▶ _Information supplied_:
►

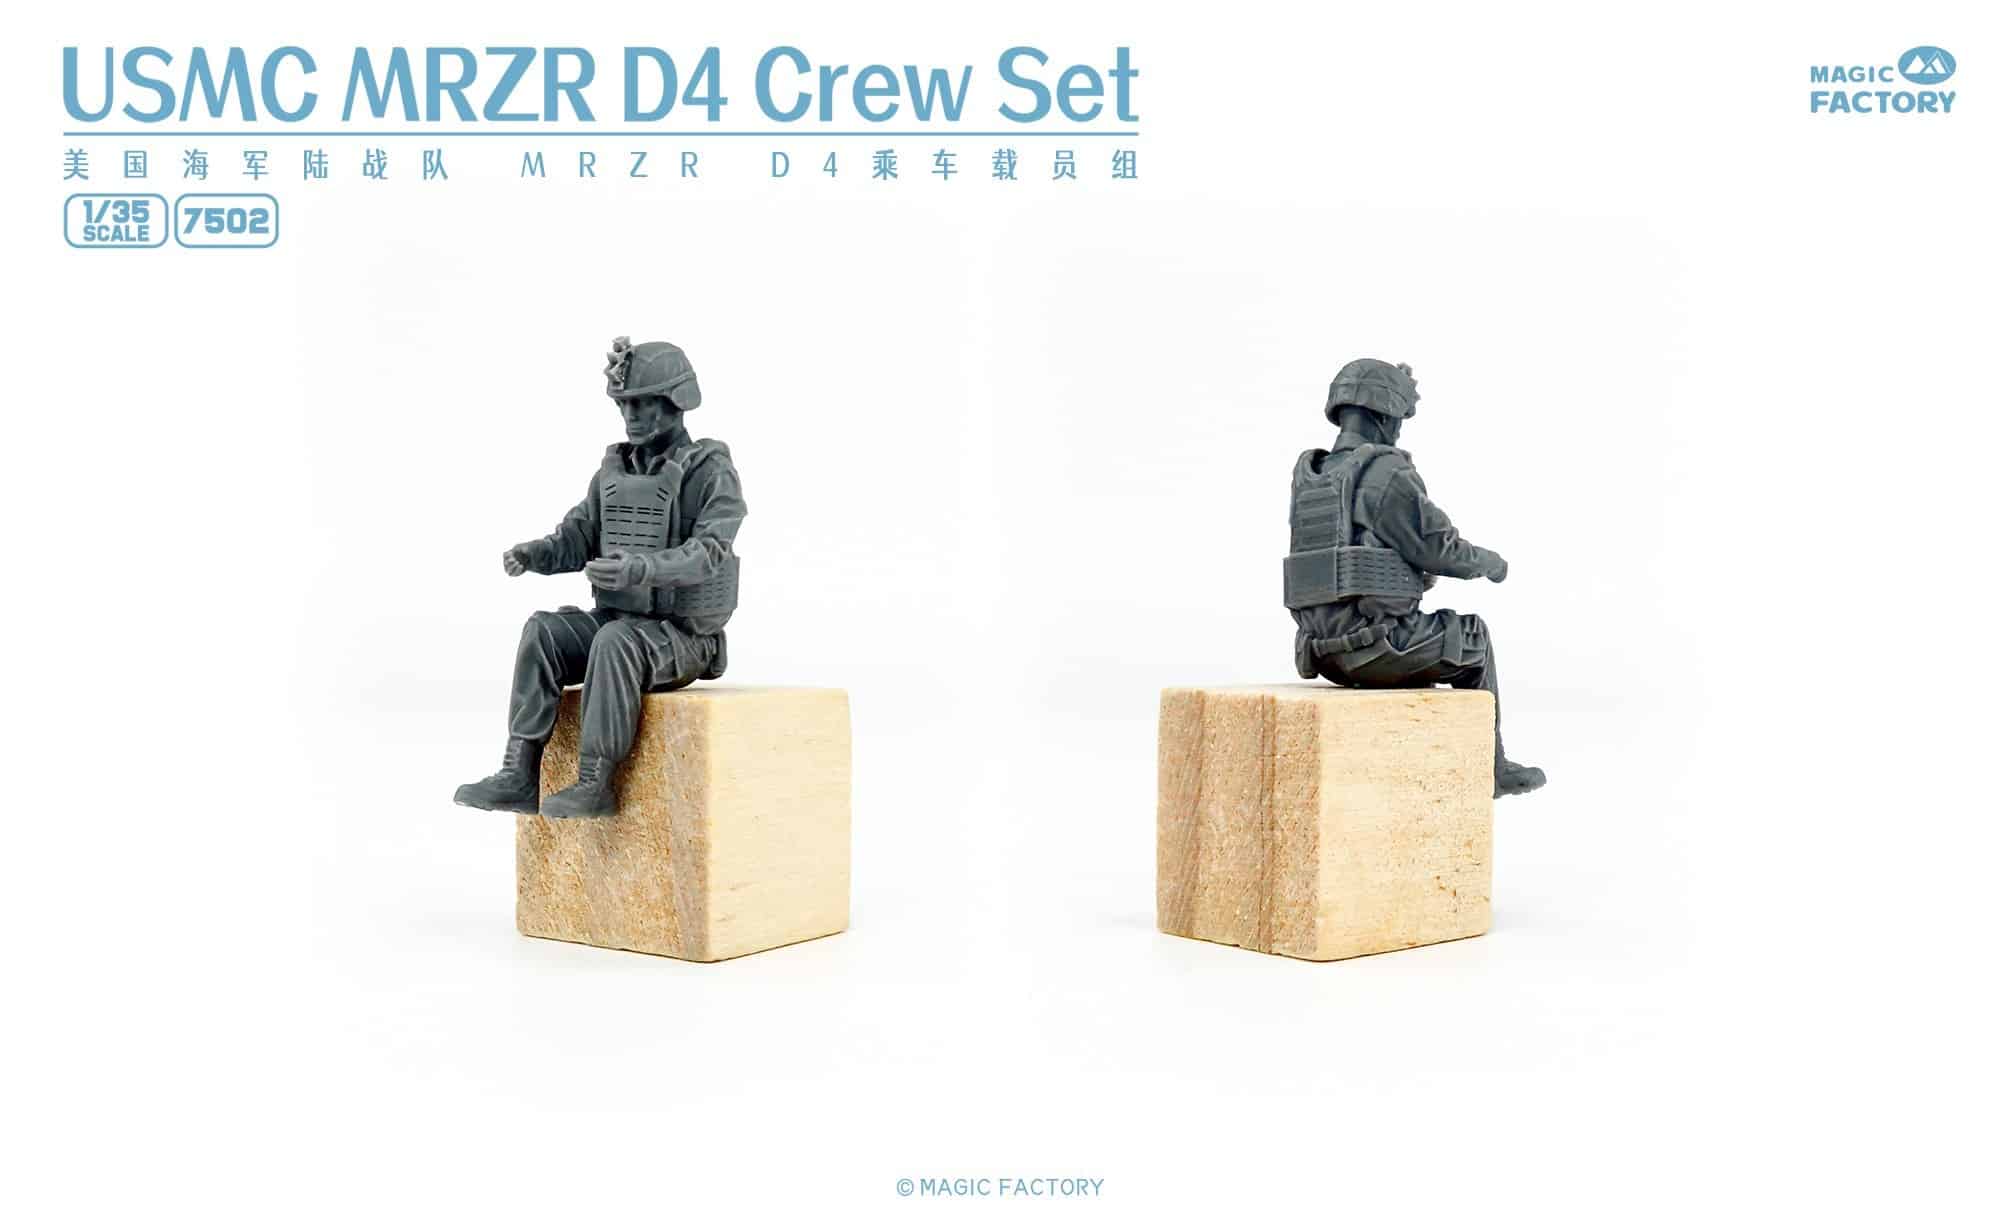 New USMC MRZR D4 Crew Set Available from Magic Factory-5
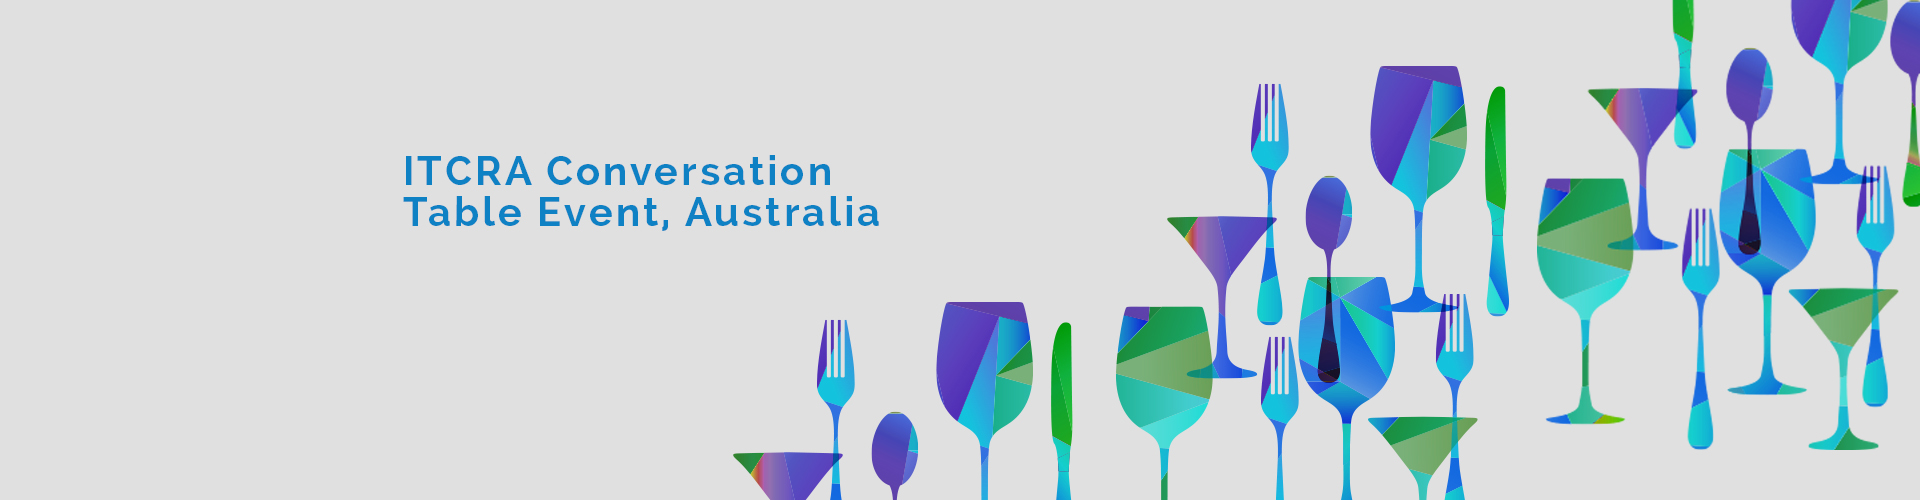 ITCRA Conversation Table Event, Australia
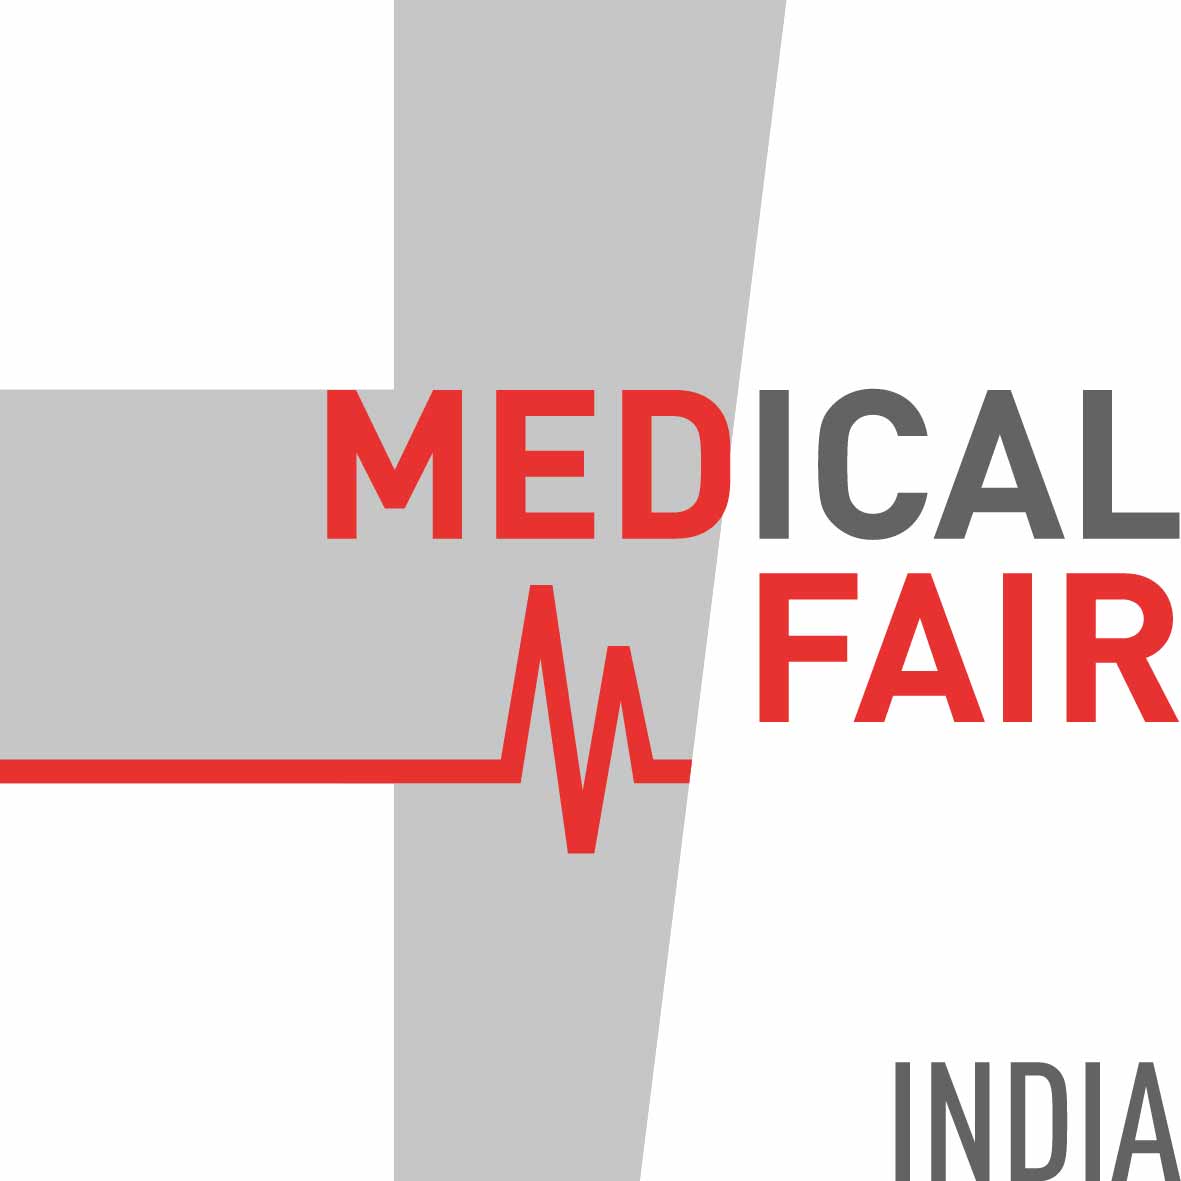 MEDICAL FAIR INDIA
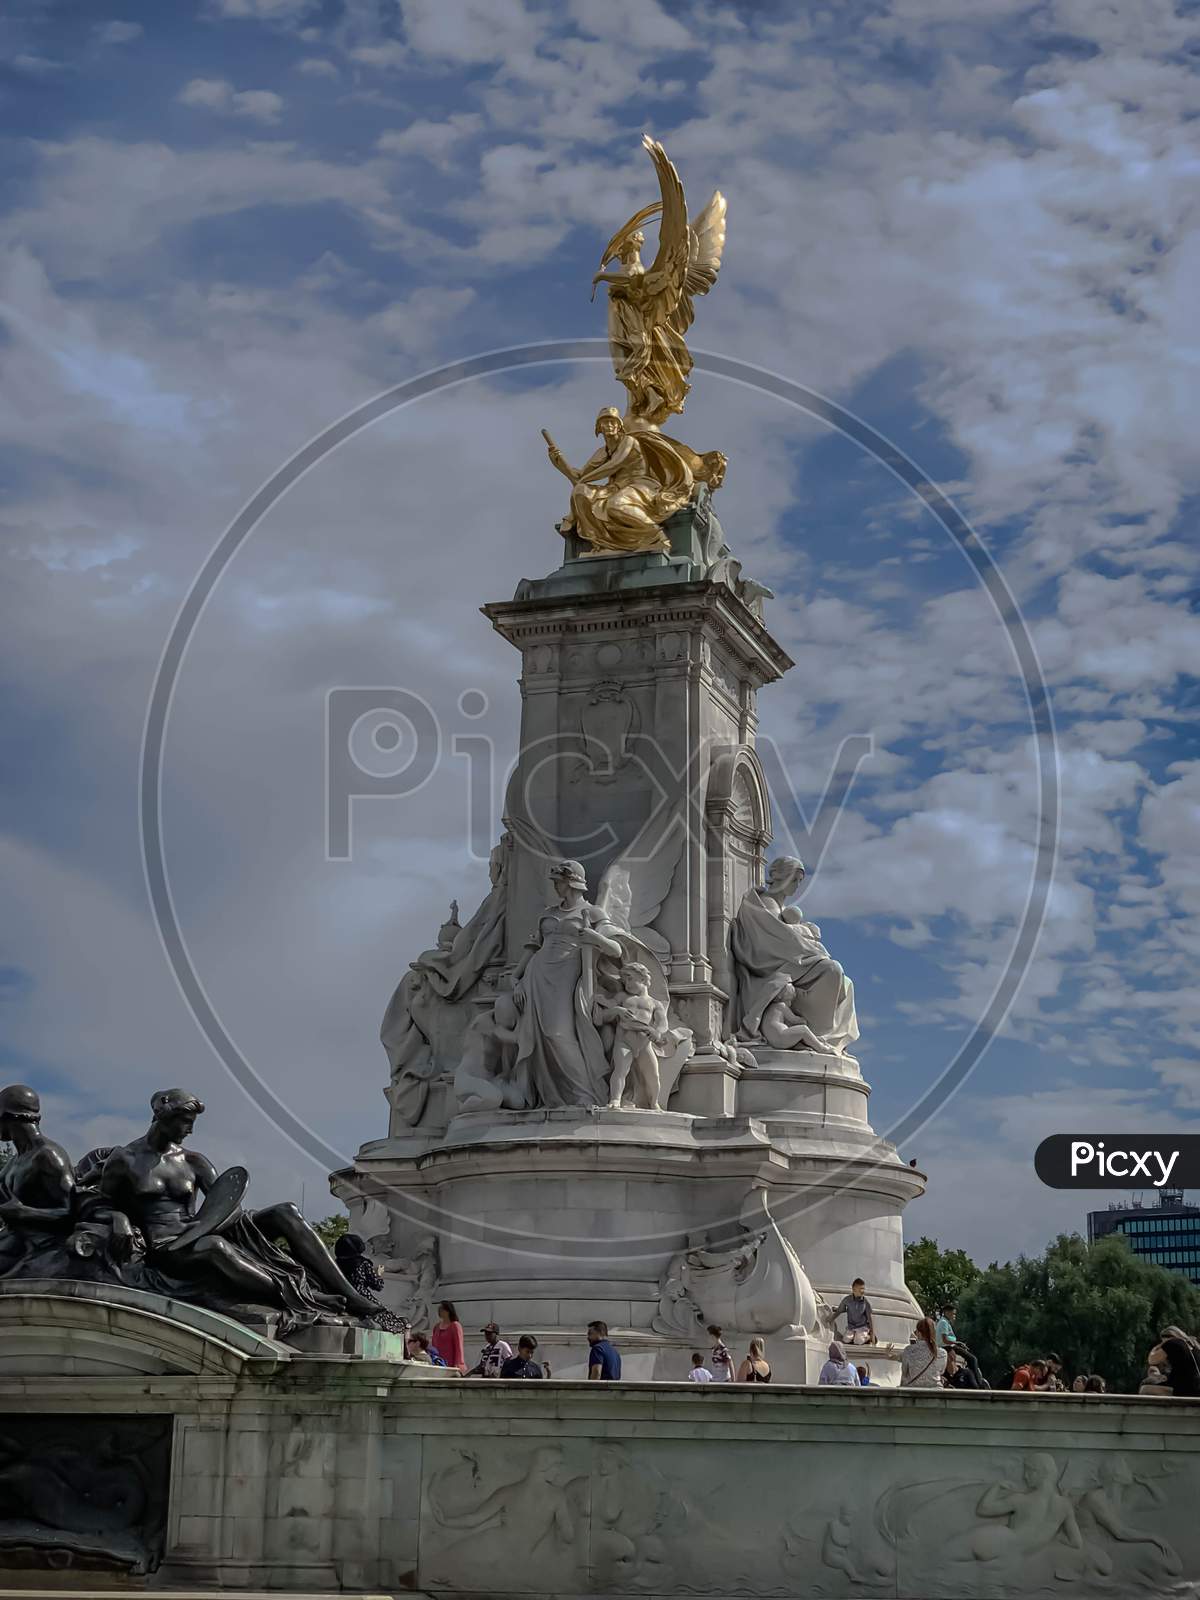 Queen Victoria monument statue in London

◄

Your task is to reproduce all of the material exactly. The pictures stay out.

 New USMC MRZR D4 Crew Set Available from Magic Factory-5
 ITCRA Conversation Table Event, Australia
 MEDICAL FAIR INDIA
 Queen Victoria monument statue in London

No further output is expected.